Берберова не была ни историком, ни поэтом в точном значении этих слов — она была и тем, и другим одновременно, и отчасти поэтому, в силу происшедшего в ее творчестве синтеза жанров, — чем-то высшим. От начала до конца книги невозможно отделаться от ощущения, что время в этой книге не движется, оно существует как бы сразу во всем протяжении от петербургского детства до полной творческих сил американской старости; ближайшая аналогия такого пространственно-временного построения, которая напрашивается, — «Осень патриарха» Габриэля Гарсиа Маркеса, к тому же и появились эти книги в семидесятые годы почти одновременно. Поэтому очень важен для понимания книги Берберовой эпиграф из «Макбета», где творится о «семенах времени». Проставляя его на книге, Берберова очень точно знала, зачем это делает: она указывала внимательному и (что не обязательно) доброжелательному читателю на главного героя — на время. О том же почти прямо пишет она в переиздаваемом нами «Предисловии ко второму изданию», признавая, впрочем, что эта книга «вся о себе». «Я была одна» (курсив Берберовой. — Е. В.), — пишет она обо всей своей жизни. И такой чистой гордостью веет от этих слов, что пусть язык отсохнет у того, кто упрекнет автора за них в грехе гордыни, «...жить, и особенно умирать, легче, когда видишь жизнь как целое, с ее началом, серединой и концом». Под этими словами — дата и место написания: Принстон, январь 1983.

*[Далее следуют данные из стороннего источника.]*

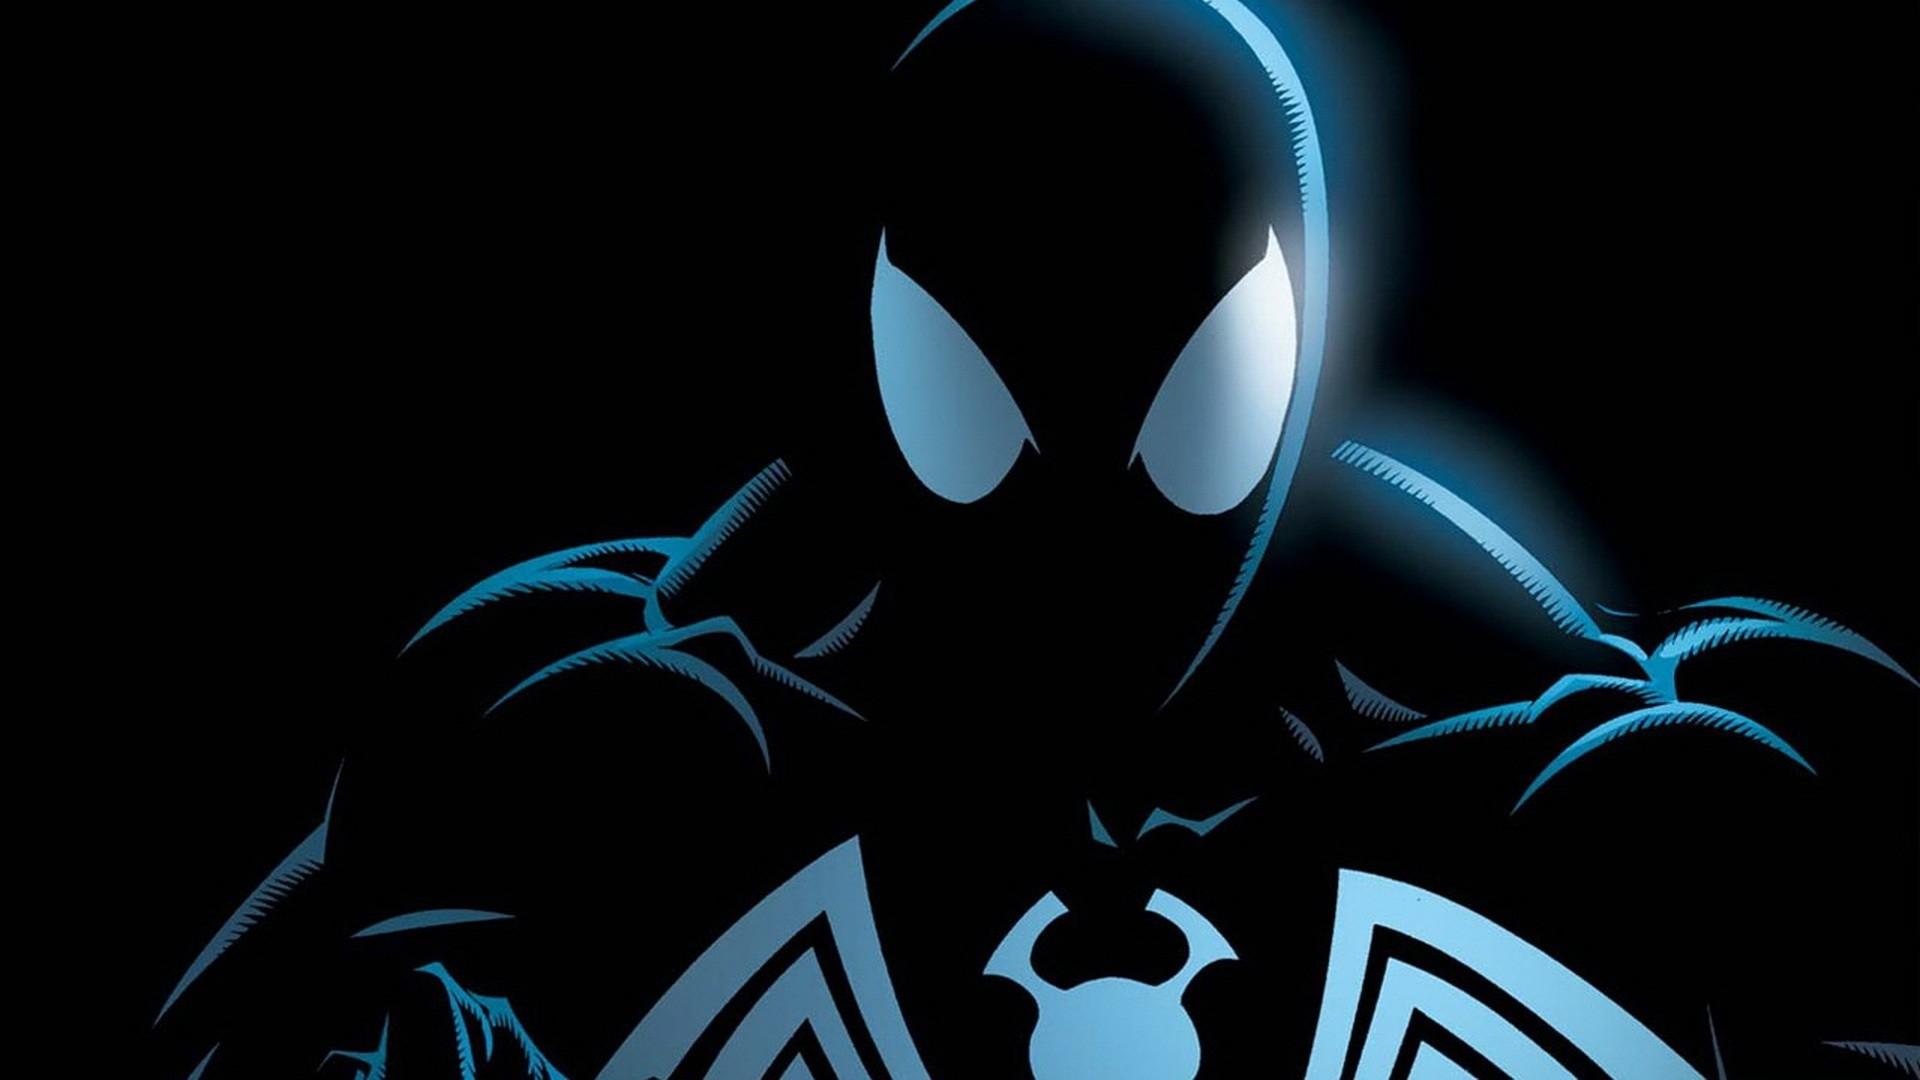 Hd Black Spiderman Iphone Wallpaper - Black Spiderman Wallpaper Hd - HD Wallpaper

«Как-то так вышло, — пишет она немного выше, — что мне в жизни «ничего не перепало».
Кое-что, однако, перепало. И прижизненная слава, и триумфальный визит в Россию (тогда еще, впрочем, в СССР), и больше чем десять лет жизни после того, как были написаны эти строки. И даже трехцветный флаг над Россией вместо красного: эту очень важную для эмигрантов первой волны деталь совершенно точно предсказывал в 1923 году друг берберовской молодости Владимир Набоков. Словом, всё, о чем человек ее поколения мог только мечтать.
Нина Николаевна Берберова умерла в Филадельфии 26 сентября 1993 года. Грустное настало время — время без Берберовой.
И время заново перечитать книгу, написанную почерком Петрарки.